» **Data for analysis**:
• • • •
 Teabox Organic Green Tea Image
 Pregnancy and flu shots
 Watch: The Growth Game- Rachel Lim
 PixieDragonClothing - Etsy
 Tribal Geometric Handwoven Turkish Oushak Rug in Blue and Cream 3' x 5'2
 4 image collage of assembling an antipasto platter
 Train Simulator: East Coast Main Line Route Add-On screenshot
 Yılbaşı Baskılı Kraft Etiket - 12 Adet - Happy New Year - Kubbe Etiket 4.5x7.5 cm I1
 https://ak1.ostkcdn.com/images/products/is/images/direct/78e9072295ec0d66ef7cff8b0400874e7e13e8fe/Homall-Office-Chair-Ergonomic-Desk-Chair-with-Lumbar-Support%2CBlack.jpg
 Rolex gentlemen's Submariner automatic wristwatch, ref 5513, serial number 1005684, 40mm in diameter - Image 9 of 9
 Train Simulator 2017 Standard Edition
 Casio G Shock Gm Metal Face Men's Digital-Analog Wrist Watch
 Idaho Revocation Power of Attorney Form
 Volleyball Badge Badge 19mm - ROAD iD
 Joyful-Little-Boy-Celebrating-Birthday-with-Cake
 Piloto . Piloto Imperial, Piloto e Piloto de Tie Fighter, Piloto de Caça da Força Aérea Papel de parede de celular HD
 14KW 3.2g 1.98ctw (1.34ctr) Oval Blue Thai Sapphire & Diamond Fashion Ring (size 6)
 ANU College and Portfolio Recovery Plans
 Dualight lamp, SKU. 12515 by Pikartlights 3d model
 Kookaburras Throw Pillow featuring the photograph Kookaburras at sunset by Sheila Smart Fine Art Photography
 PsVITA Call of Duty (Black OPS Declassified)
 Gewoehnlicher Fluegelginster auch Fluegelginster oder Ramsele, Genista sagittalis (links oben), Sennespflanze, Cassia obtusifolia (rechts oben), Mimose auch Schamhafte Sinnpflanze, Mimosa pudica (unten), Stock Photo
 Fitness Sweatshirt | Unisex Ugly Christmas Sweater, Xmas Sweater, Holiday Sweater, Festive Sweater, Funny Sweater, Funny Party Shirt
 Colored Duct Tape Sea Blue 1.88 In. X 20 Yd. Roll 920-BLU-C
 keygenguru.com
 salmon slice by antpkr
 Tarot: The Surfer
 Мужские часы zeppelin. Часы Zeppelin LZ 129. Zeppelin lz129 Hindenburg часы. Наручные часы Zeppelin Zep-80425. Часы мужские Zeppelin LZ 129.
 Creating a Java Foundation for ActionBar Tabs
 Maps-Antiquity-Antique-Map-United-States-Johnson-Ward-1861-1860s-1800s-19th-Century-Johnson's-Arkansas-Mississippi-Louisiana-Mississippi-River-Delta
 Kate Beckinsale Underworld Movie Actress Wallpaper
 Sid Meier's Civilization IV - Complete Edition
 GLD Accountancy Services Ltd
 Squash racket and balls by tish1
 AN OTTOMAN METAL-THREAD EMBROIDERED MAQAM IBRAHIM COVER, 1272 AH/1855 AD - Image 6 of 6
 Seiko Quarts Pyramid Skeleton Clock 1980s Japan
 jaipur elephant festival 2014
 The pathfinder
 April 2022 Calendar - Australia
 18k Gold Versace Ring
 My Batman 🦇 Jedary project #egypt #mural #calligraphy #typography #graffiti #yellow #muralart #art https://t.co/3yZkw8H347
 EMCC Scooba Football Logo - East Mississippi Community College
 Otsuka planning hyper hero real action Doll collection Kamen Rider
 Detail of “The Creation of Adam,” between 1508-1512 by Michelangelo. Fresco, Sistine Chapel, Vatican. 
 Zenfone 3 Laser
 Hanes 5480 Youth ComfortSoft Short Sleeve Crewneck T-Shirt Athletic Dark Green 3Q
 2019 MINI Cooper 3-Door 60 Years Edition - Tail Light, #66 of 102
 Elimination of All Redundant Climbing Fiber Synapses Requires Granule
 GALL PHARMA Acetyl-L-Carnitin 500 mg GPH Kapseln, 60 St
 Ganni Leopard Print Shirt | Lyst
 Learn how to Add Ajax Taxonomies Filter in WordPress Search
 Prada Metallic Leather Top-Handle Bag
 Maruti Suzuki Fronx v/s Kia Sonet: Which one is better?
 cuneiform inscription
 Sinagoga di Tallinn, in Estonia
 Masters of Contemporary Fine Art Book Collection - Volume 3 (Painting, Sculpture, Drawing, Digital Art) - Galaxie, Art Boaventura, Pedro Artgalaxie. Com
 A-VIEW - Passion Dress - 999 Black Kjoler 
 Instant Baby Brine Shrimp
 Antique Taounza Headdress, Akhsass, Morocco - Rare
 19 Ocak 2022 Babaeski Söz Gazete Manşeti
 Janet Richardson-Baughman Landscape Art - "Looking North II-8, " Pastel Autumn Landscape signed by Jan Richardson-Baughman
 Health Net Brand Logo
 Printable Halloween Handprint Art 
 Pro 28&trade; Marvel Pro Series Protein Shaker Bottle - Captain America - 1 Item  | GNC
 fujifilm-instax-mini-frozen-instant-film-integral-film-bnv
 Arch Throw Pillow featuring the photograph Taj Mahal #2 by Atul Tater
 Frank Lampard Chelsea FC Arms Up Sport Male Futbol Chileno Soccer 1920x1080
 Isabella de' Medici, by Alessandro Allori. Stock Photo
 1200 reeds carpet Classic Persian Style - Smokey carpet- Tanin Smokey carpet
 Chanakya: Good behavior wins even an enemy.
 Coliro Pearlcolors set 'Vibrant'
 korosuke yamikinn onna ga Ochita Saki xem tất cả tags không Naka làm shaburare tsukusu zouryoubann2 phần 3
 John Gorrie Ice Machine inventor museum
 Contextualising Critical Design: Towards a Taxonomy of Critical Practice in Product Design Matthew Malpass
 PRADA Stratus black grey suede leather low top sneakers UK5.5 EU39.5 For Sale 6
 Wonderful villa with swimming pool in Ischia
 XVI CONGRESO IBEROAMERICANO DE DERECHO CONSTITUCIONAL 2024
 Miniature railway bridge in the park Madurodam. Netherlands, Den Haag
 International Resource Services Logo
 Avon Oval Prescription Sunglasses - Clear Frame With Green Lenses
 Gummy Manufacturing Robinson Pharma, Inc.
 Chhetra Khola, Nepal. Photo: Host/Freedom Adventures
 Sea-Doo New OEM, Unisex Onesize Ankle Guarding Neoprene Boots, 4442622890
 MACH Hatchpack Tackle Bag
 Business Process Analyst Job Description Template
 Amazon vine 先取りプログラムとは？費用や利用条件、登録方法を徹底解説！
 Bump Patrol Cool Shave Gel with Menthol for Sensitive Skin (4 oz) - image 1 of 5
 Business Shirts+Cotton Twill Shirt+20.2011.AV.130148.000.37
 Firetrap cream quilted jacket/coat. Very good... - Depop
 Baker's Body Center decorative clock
• • • •
Reproduce all lines from the records above that include the word "https".

 https://ak1.ostkcdn.com/images/products/is/images/direct/78e9072295ec0d66ef7cff8b0400874e7e13e8fe/Homall-Office-Chair-Ergonomic-Desk-Chair-with-Lumbar-Support%2CBlack.jpg
 My Batman 🦇 Jedary project #egypt #mural #calligraphy #typography #graffiti #yellow #muralart #art https://t.co/3yZkw8H347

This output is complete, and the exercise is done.